Problem requirements: Reproduce the full listing below unchanged, apart from the pictures.

Collected material:
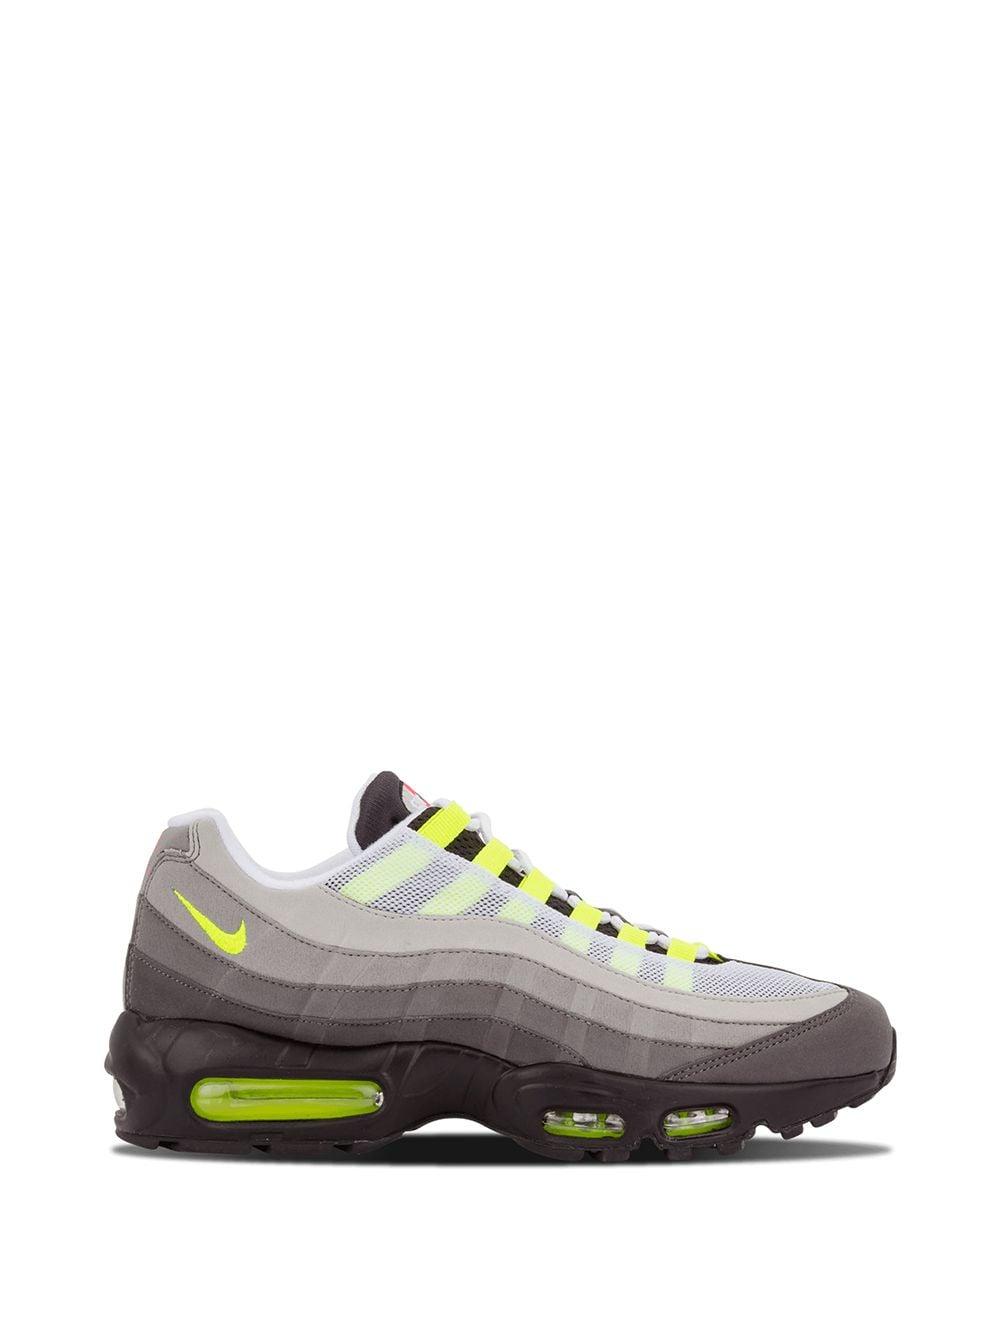 Nike Air Max 95 Og Qs Sneakers in Grey (Gray) for Men - Lyst
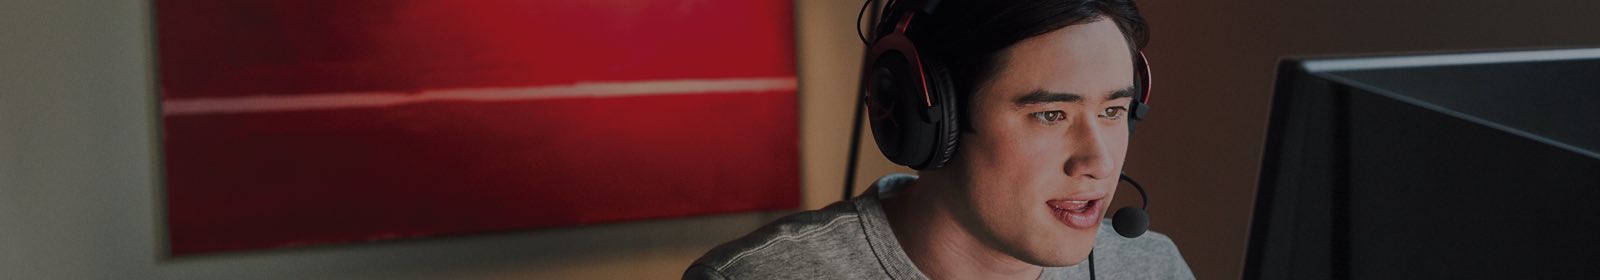 Man wearing headphones using a computer
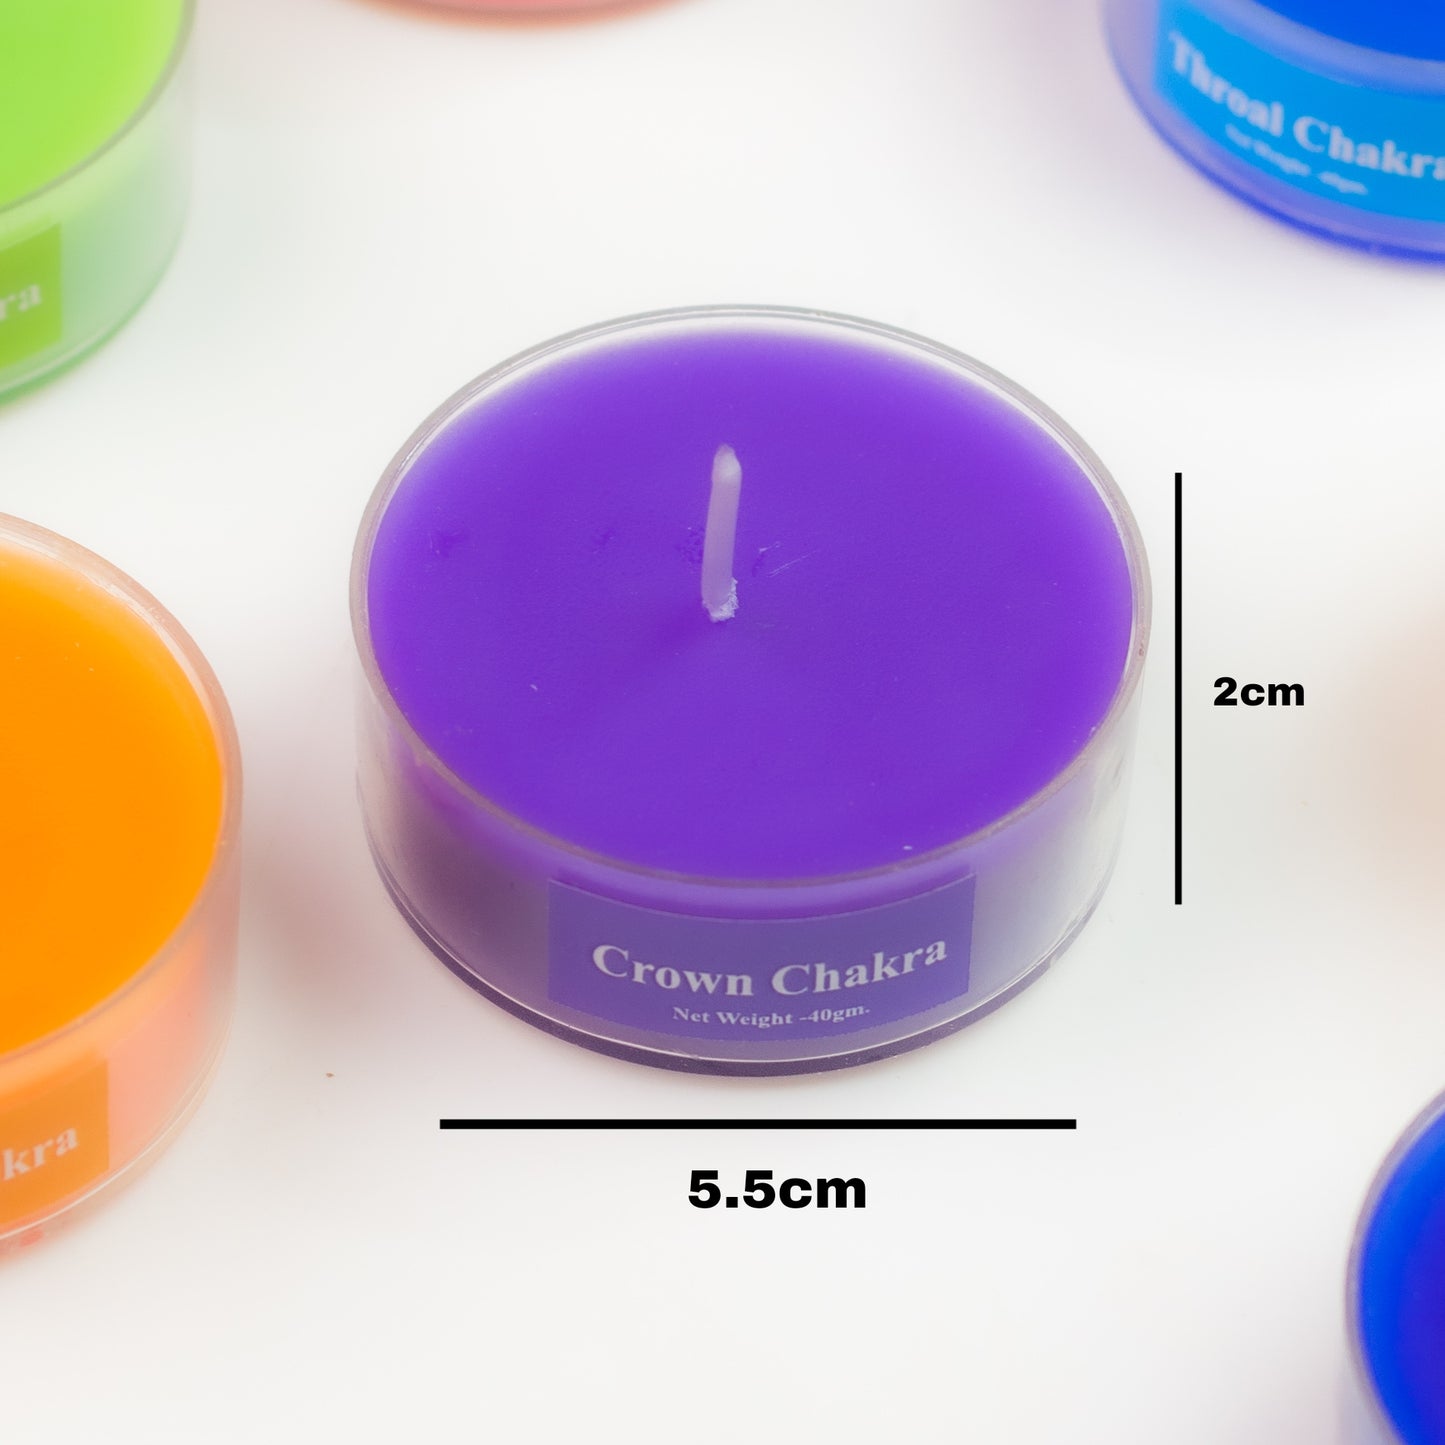 Bulk Buy AuraDecor 7 Chakras Tealight Candles ( Burning Time 9 hr ) ( 20 Packs )

Answer to the exercise:
 Nike Air Max 95 Og Qs Sneakers in Grey (Gray) for Men - Lyst
 Man wearing headphones using a computer
 Bulk Buy AuraDecor 7 Chakras Tealight Candles ( Burning Time 9 hr ) ( 20 Packs )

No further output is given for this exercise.